▶ What you need to do:
Once you find the line below that has "Bosch Kühlschrank Macht Geräusche : Bosch", output it and every line after it exactly, stopping after the line that has "Luftrum 19 audio waveform", with no pictures.

▶ Dataset:
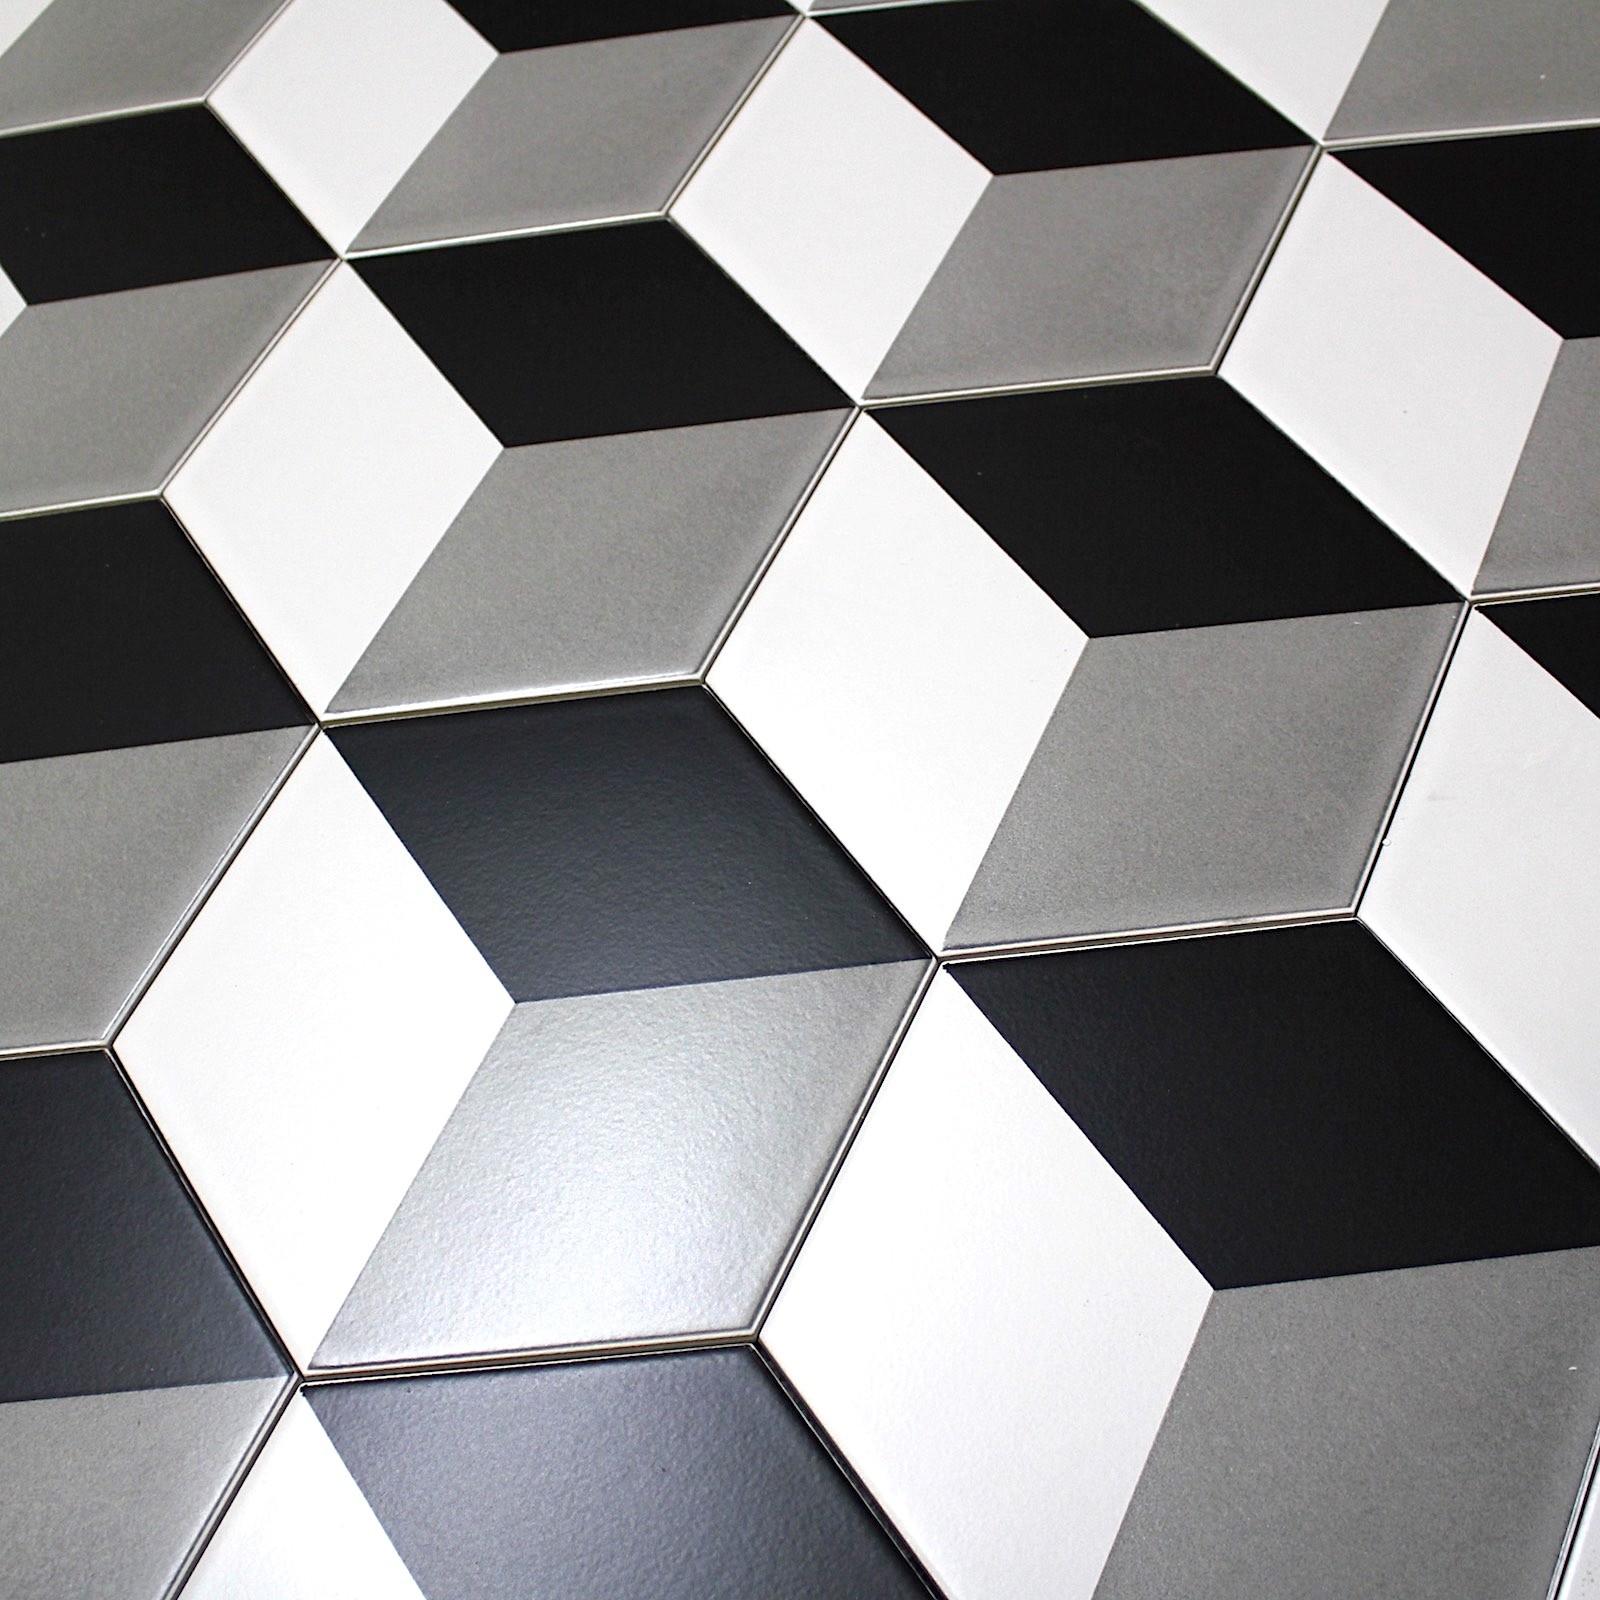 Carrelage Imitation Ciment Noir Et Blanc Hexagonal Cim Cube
...
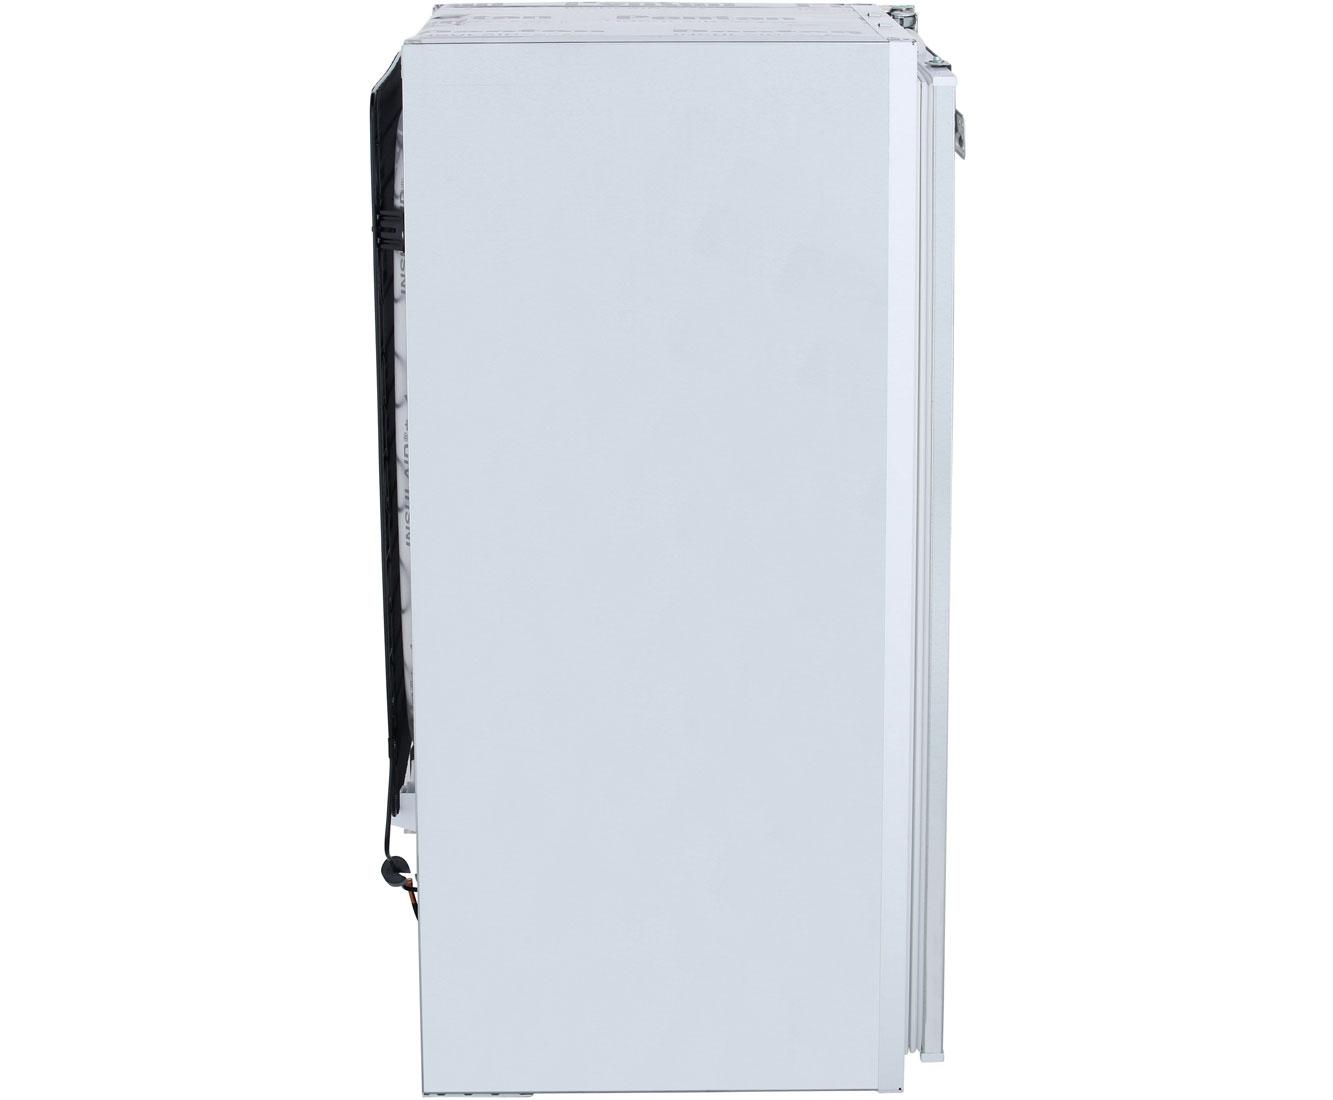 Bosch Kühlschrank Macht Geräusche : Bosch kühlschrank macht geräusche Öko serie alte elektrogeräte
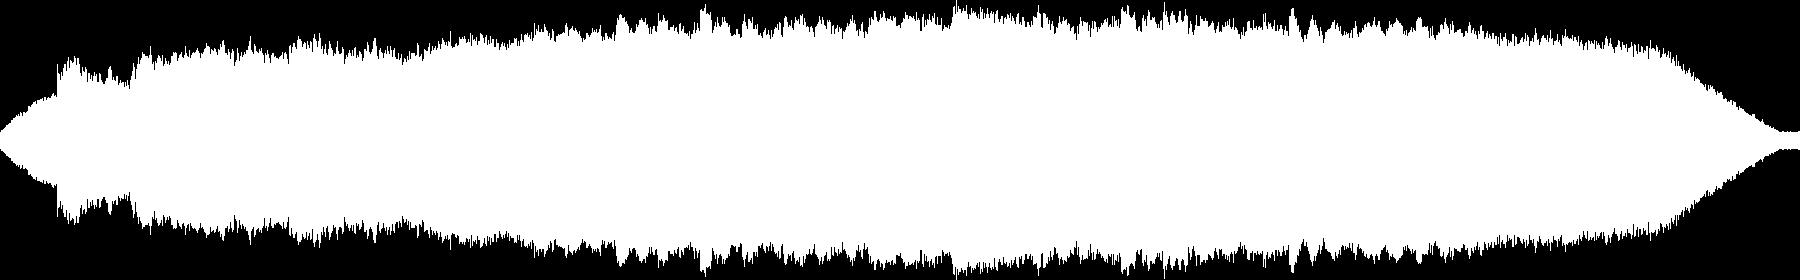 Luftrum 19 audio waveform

▶ Written response:
 Bosch Kühlschrank Macht Geräusche : Bosch kühlschrank macht geräusche Öko serie alte elektrogeräte
 Luftrum 19 audio waveform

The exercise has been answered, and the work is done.